Низкая эффективность наших усилий в решении проблемы ранних потерь беременности и преждевременных родов (ПР) явилась предпосылкой для научной гипотезы, рассматривающей невынашивание как инструмент естественного отбора. Это находит подтверждение в случаях прекращения развития беременности на предимплатационном и раннем имплантационном периодах вследствие генетических повреждений (гаметопатии и эмбриопатии). Сохранение такой аномальной беременности нежелательно и нецелесообразно, поэтому медикаментозная поддержка беременности до 8 недель в случаях угрозы ее невынашивания отраслевыми регламентирующими документами не предусматривается. Но даже если принять априори, что причиной выкидышей в ранних сроках являются в 50–70% случаев различные летальные хромосомные абберации, то возникает вопрос, а как поступать с остальными 30% беременных с клиническими симптомами угрозы ее прерывания, причины которого могут быть иными (анатомическими, иммунологическими, инфекционными, гормональными и др.)?
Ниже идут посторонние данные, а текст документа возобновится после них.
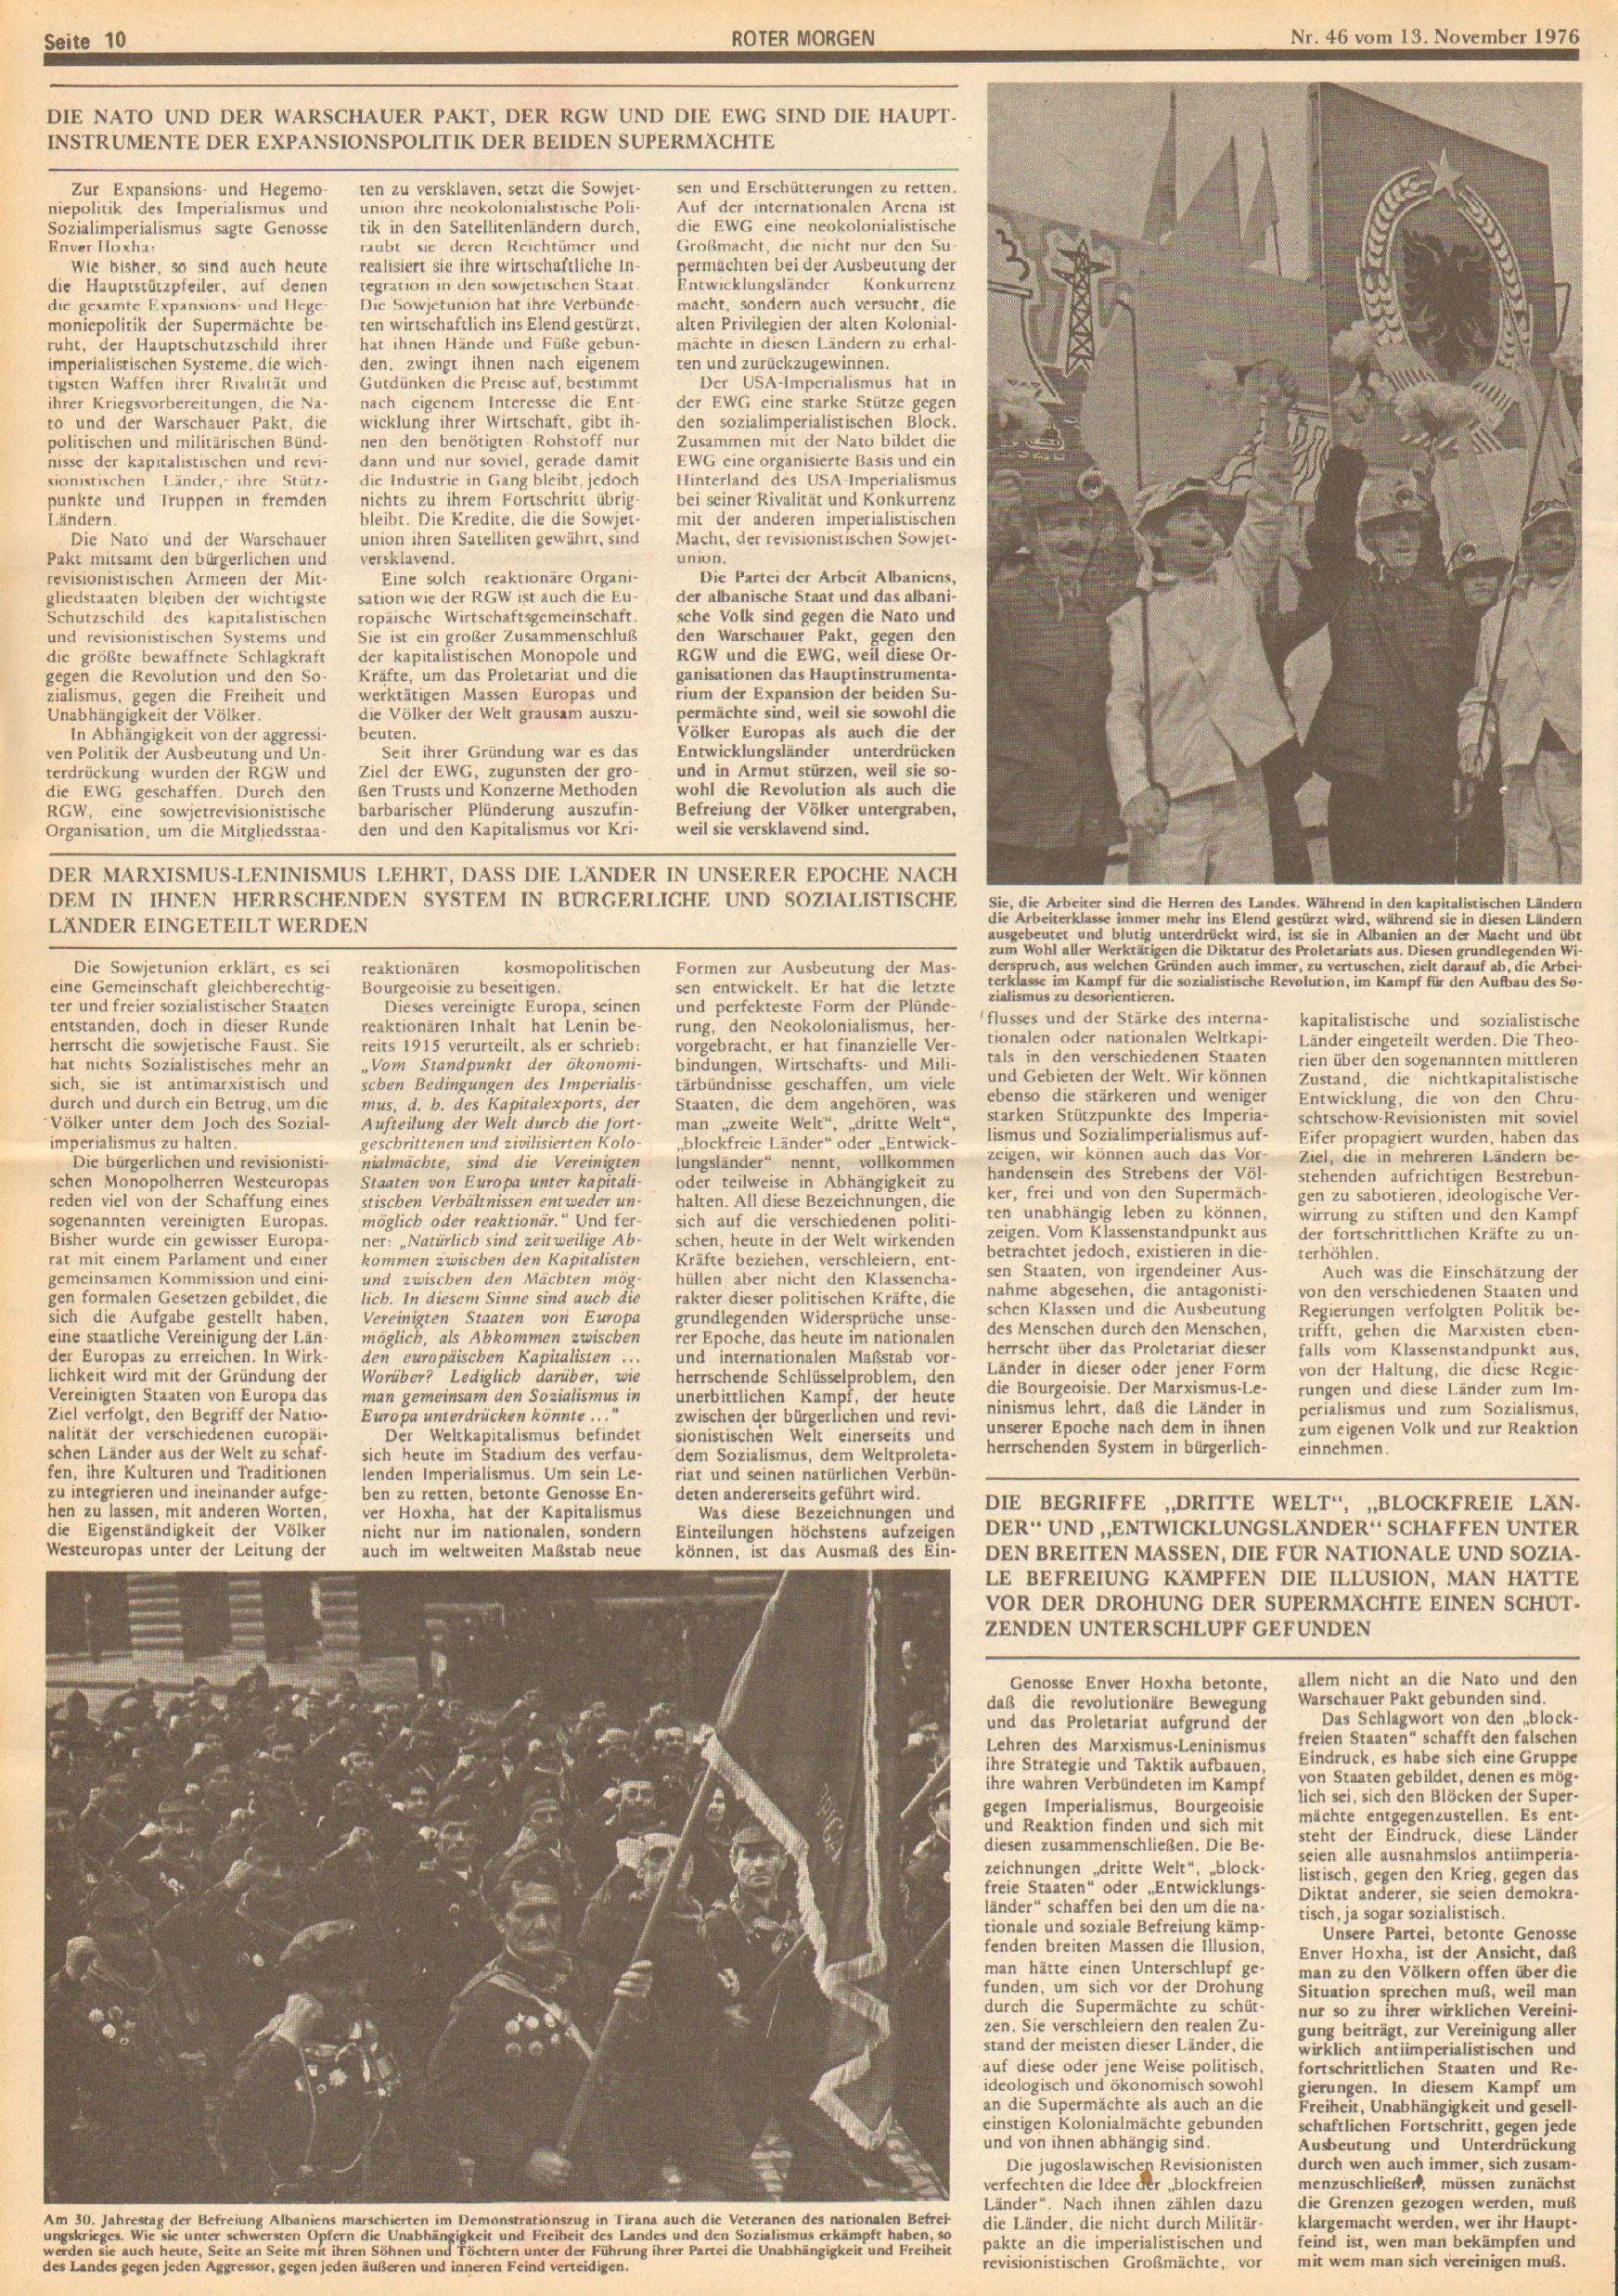 Roter Morgen, 10. Jg., 13. November 1976, Nr. 46, Seite 10
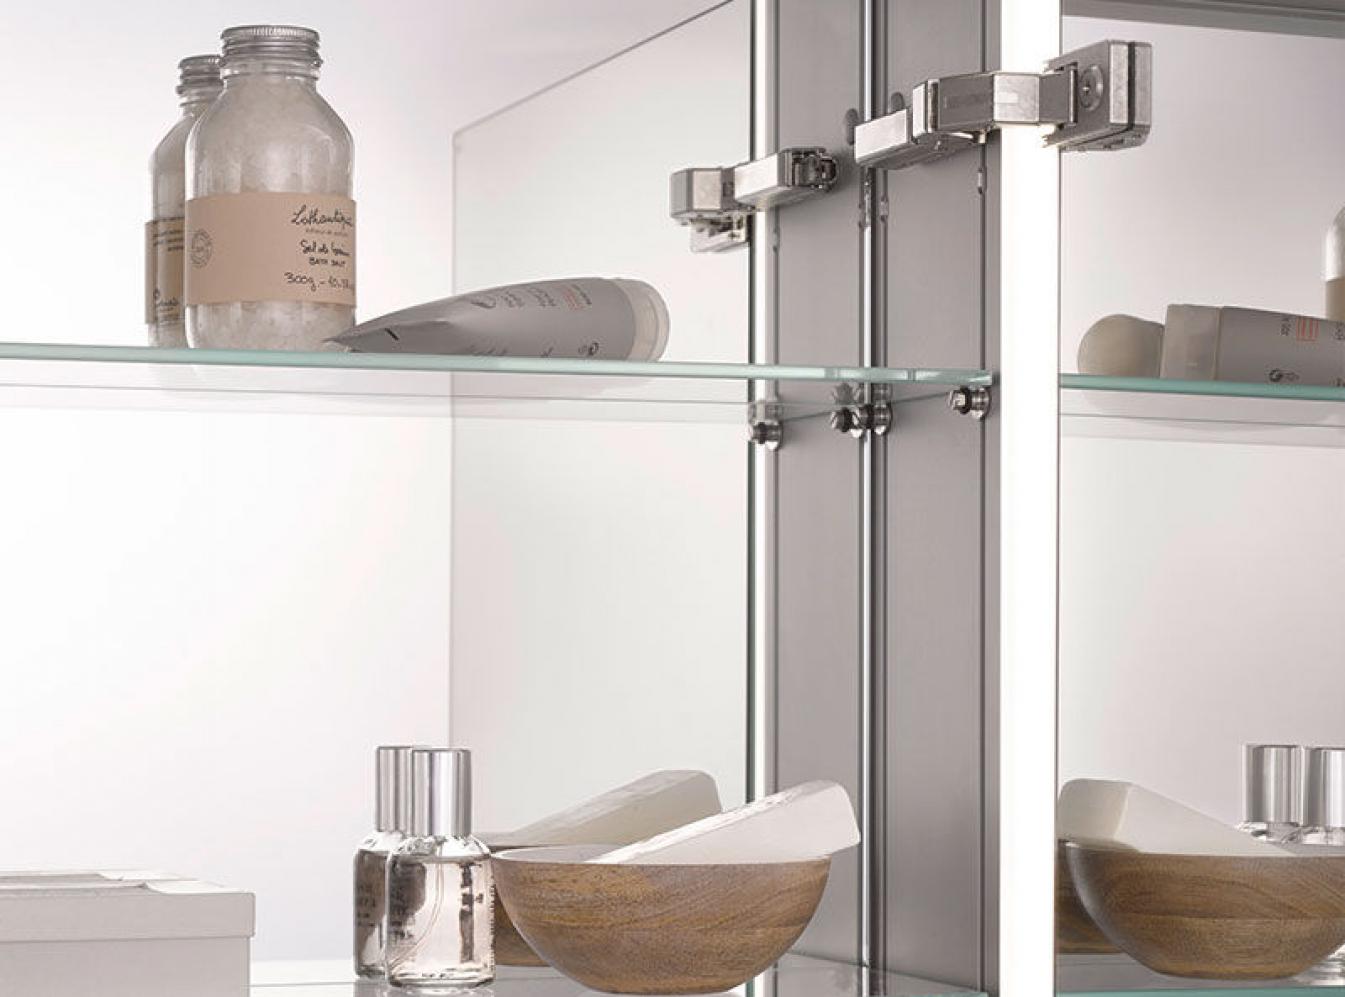 emco spiegelschrank mit innovativer technik. Black Bedroom Furniture Sets. Home Design Ideas

В рамках дискуссии по данной проблеме позвольте напомнить о некоторых хорошо известных фактах. Имплантация зародыша в слизистую оболочку матки происходит на 7-е сутки после оплодотворения и с этого момента, по сути, уже начинается биологический процесс формирования плаценты, поэтому последующие 2–3 недели после имплантации определяют дальнейшую судьбу беременности. Нарушение имплантации оплодотворенной яйцеклетки и процесса формирования тесного взаимодействия трофобласта с децидуальной оболочкой матки, вследствие которых происходит поверхностная, субэпителиальная плацентация с анатомической и функциональной неполноценностью межворсинчатого пространства, является основной причиной нарушения трансплацентарного обмена кислорода и питательных субстратов, плацентарной дисфункции, невынашивания, дистресса и задержки роста плода, преэклампсии и антенатальной гибели плода.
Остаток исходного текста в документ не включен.